Background: Inflammatory bowel disease (IBD)--and Crohn's disease (CD) and ulcerative colitis (UC) in particular--could be more reliably diagnosed by using biopsy criteria incorporating the colorectal distribution of specific histologic features. The aim of this study was to elucidate criteria distinguishing IBD from other forms of colitis (non-IBD), and CD from UC on the basis of multiple colorectal biopsies.

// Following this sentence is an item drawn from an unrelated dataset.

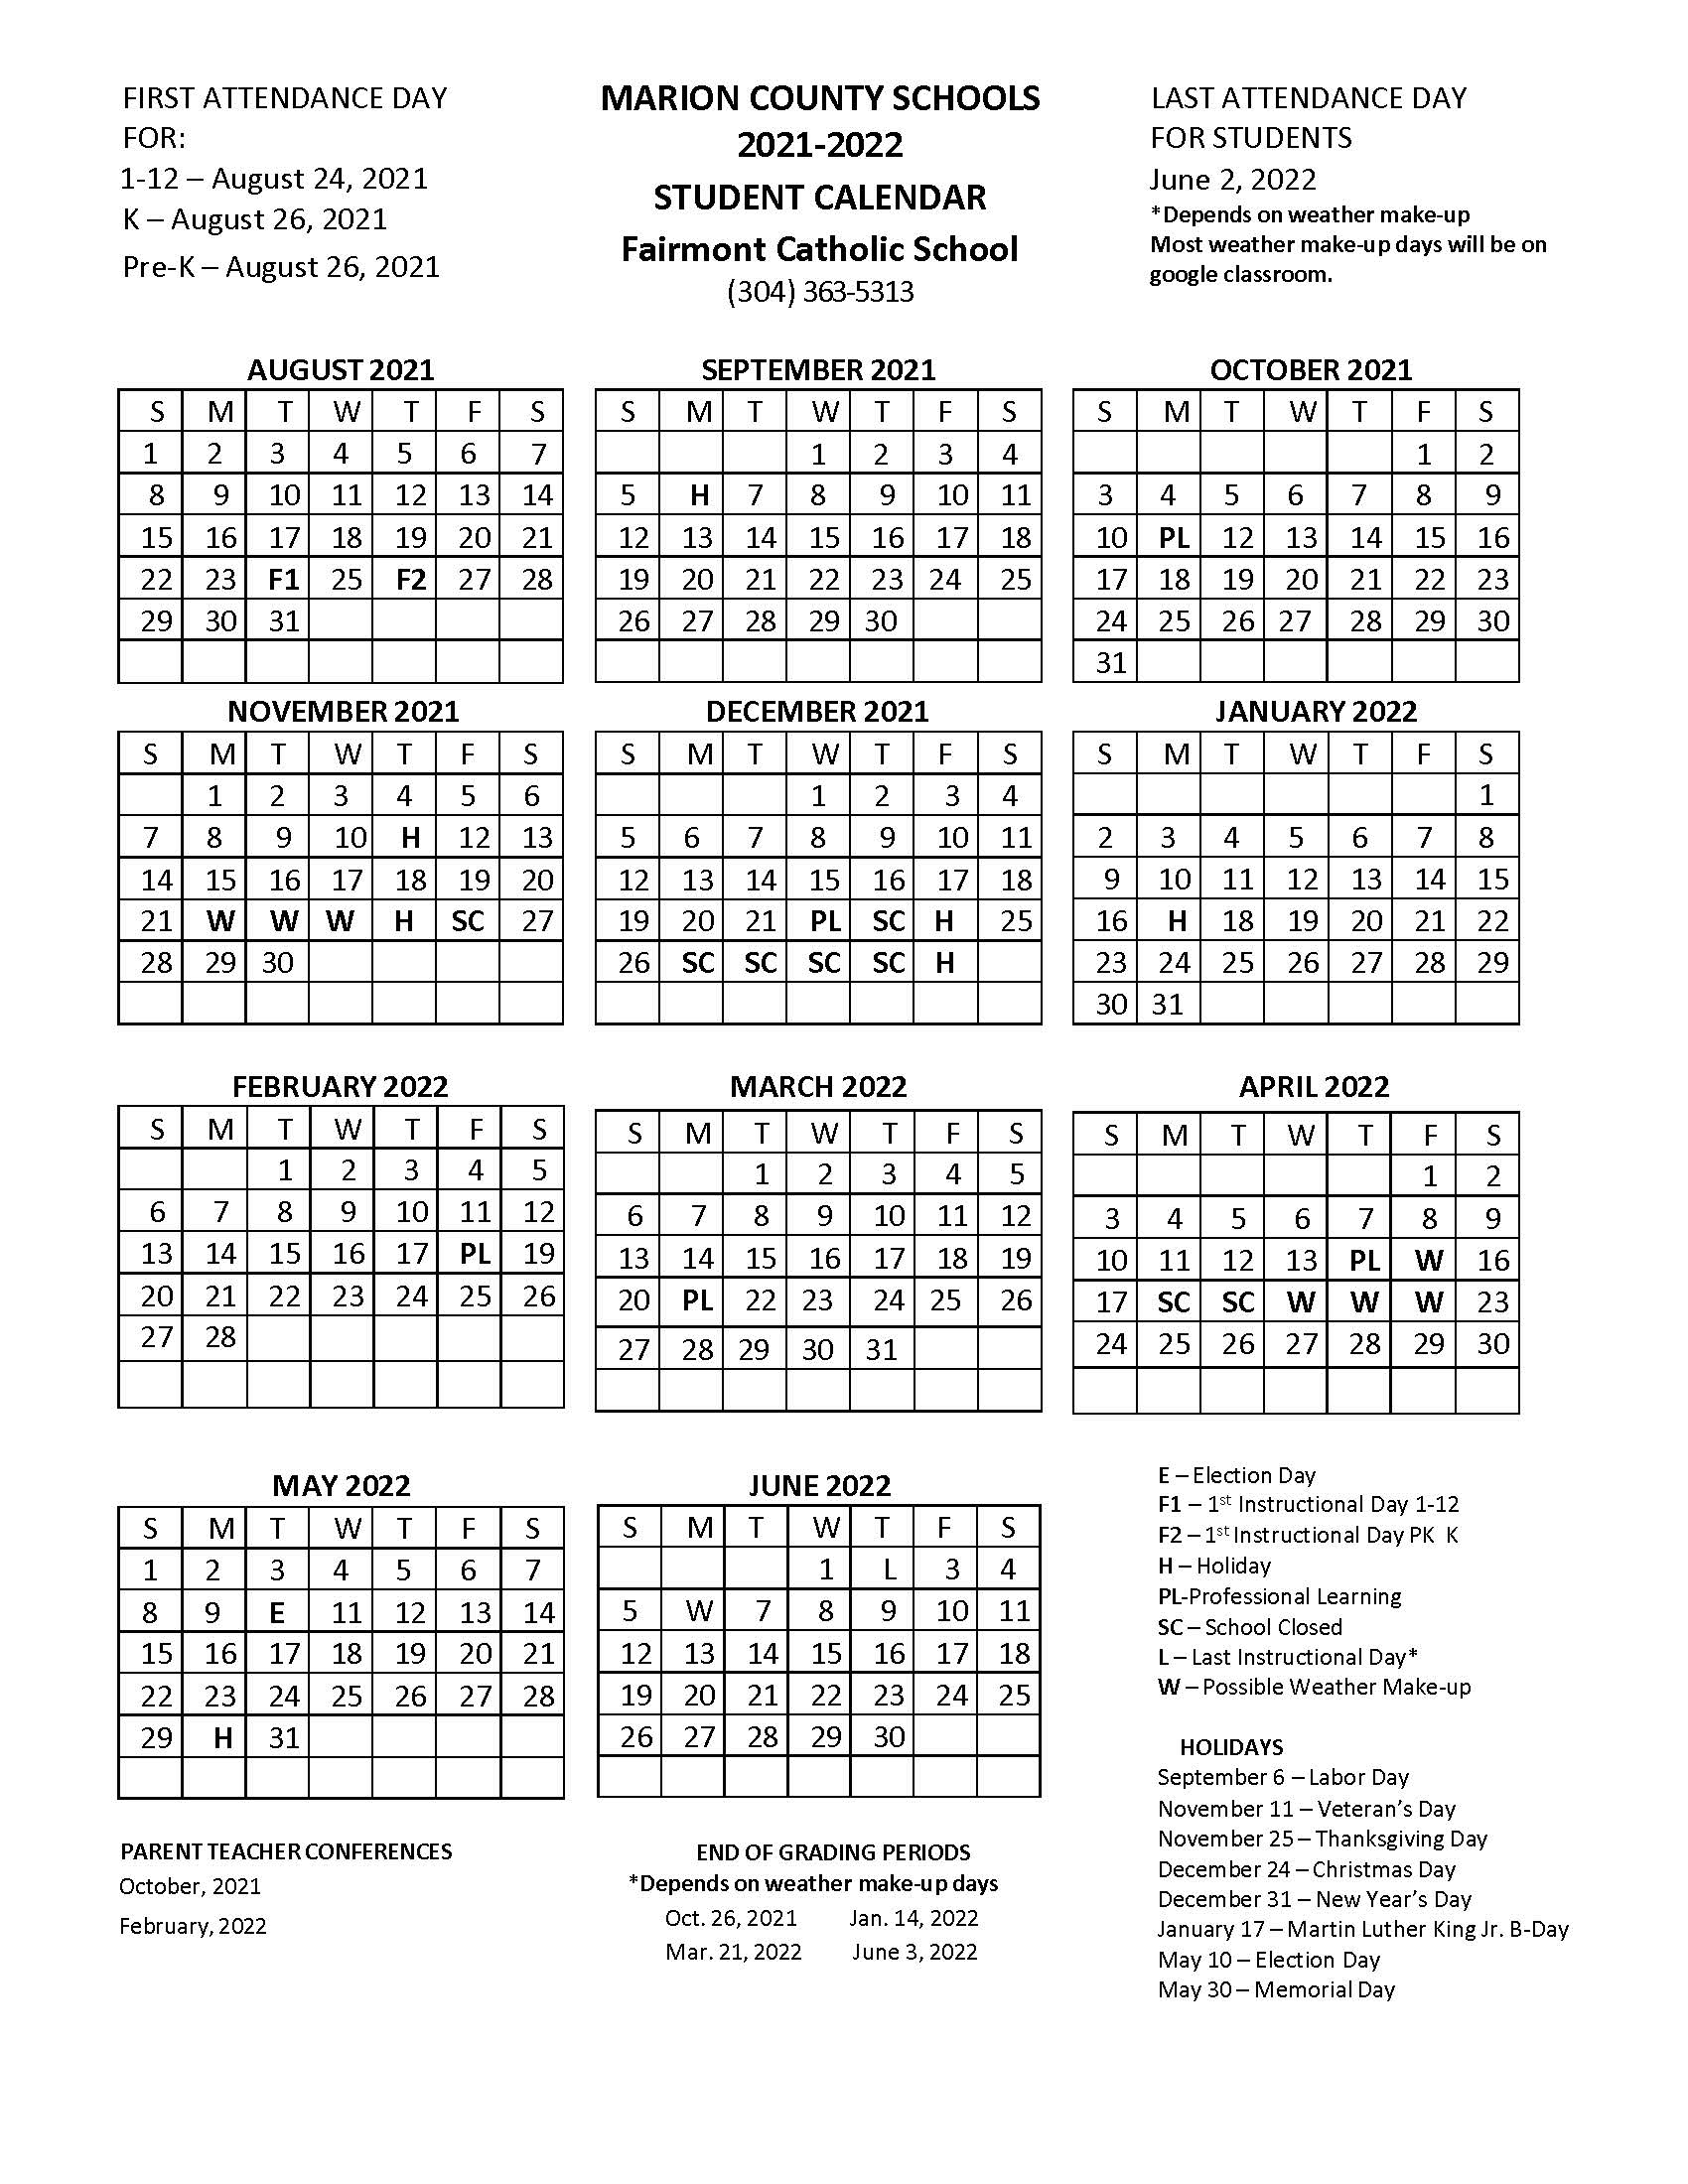 Marion Student Calendar 2021 2022 Calendar Fairmont Catholic School
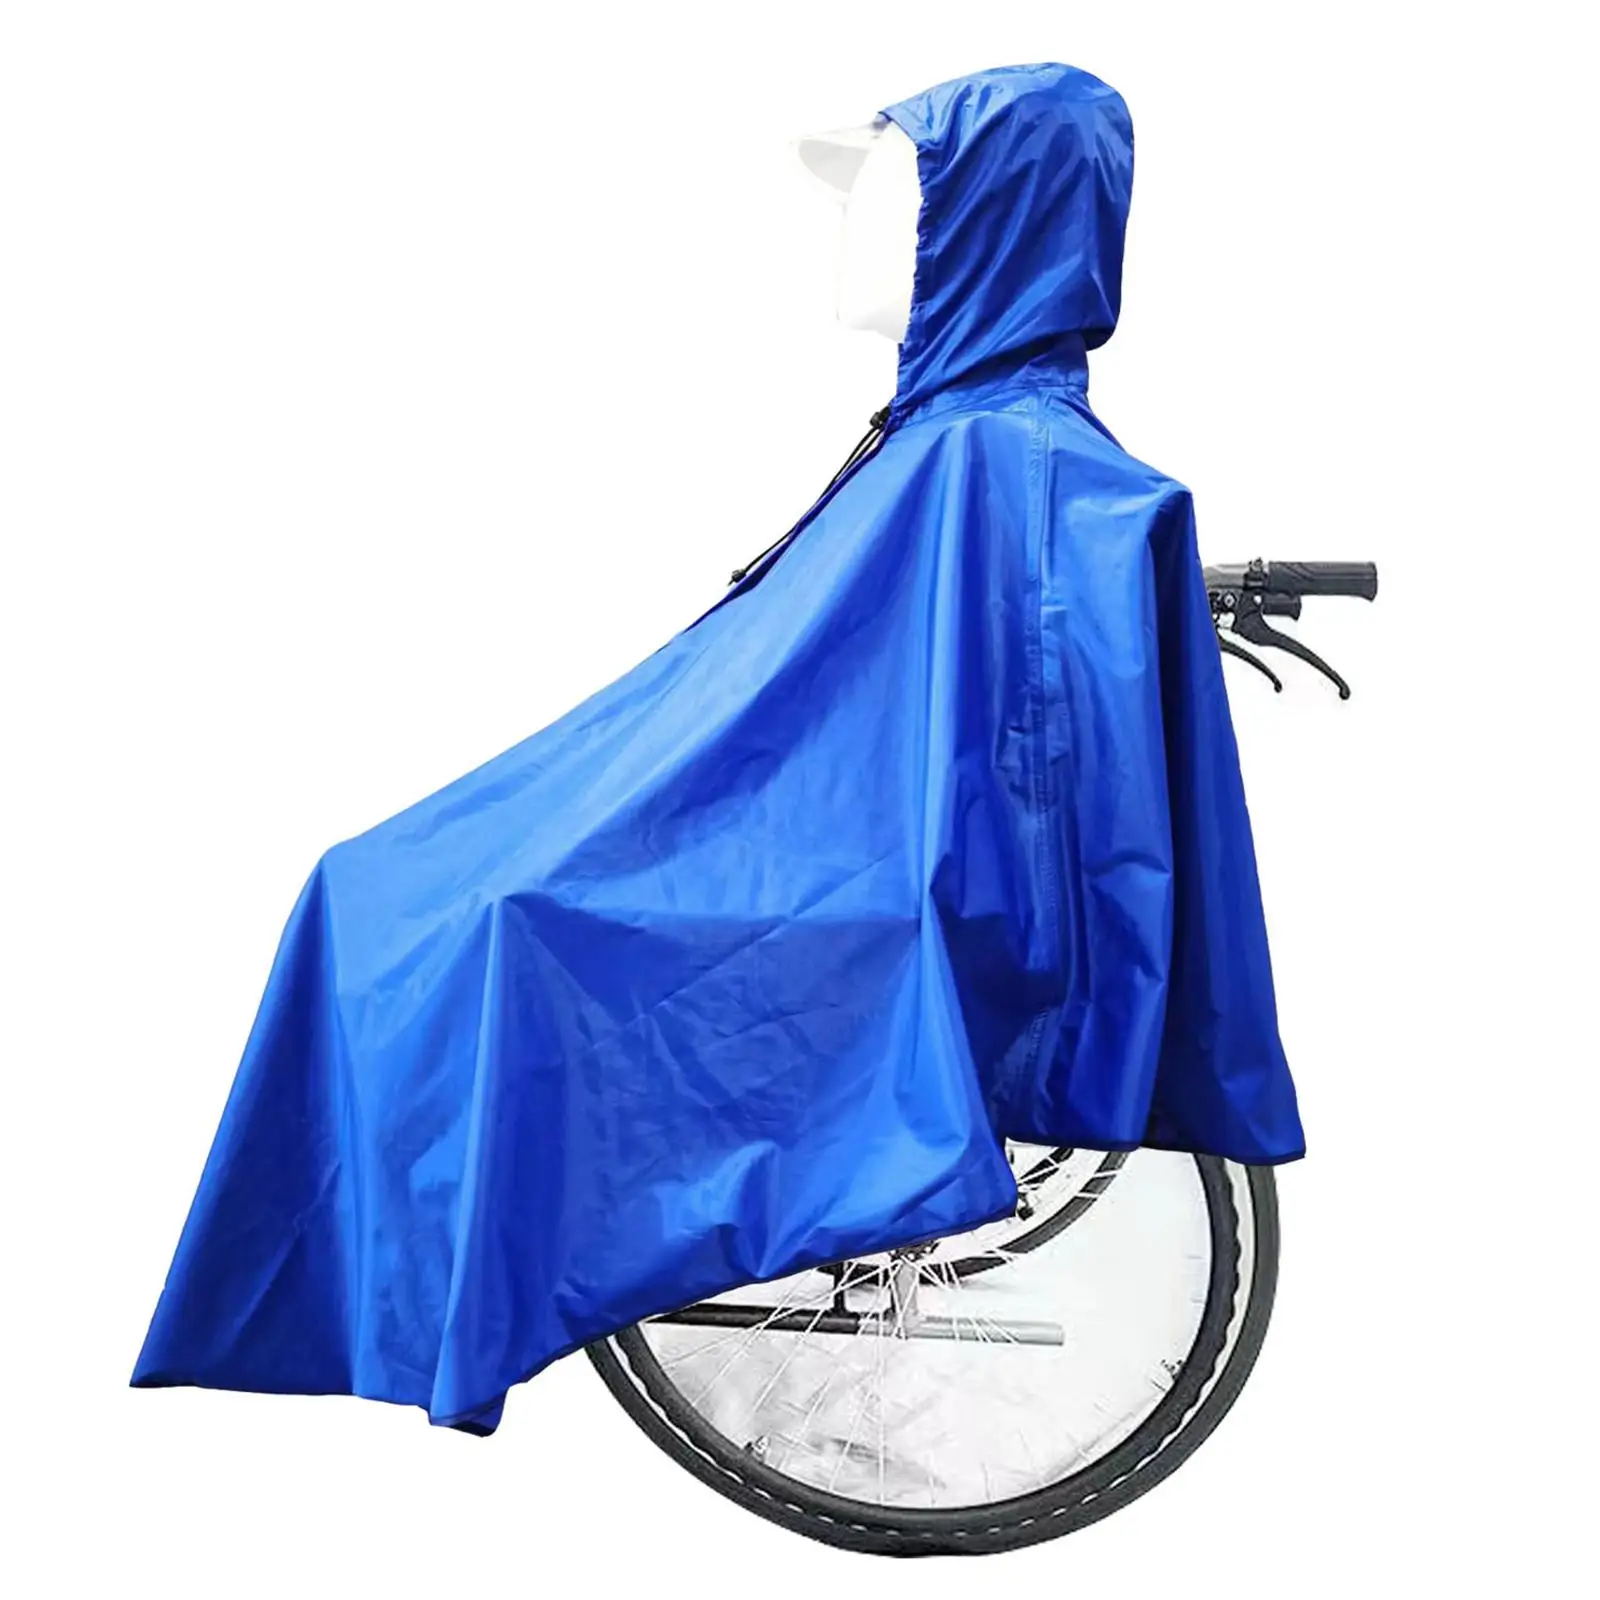 Wheelchair Poncho Reflective Strip Activity Reusable Rain Protection Cape

Methods: We examined multiple biopsy specimens (mean, 6.1) from 299 consecutive Japanese subjects with active colitis and performed multiple logistic regression analyses on 70 histologic features, from which 2 equations were constructed for the probabilities (P(IBD) and P(CD)) of a) IBD (versus non-IBD), and b) CD (versus UC), respectively, being present. On the basis of a receiver-operating characteristic curve, we determined four cut-off values for P(IBD) and constructed the criteria, consisting of the five categories 'definite IBD', 'probable IBD', 'unknown', 'probable non-IBD', and 'definite non-IBD'. The criteria for CD versus UC were constructed in a similar manner. Their validities were evaluated using 132 Canadian subjects.
Results: The statistically significant histologic features were as follows: for IBD, crypt architectural abnormalities, basal plasmacytosis with severe chronic inflammation, and distal Paneth cell metaplasia; for CD, segmental crypt architectural abnormalities and mucin depletion, mucin preservation at the active sites, and focal chronic inflammation without crypt atrophy. In the categories of probable IBD and probable non-IBD, both sensitivities and specificities exceeded 97%. Probable CD and probable UC showed high specificities of more than 97%, and their sensitivities were 94% and 89%, respectively. Kappa statistics showed these criteria to be sufficiently reproducible.
Conclusions: Specific histological features together with their distribution can reliably diagnose IBD, distinguish CD from UC, and provide an estimate of the probability of the underlying disease being present.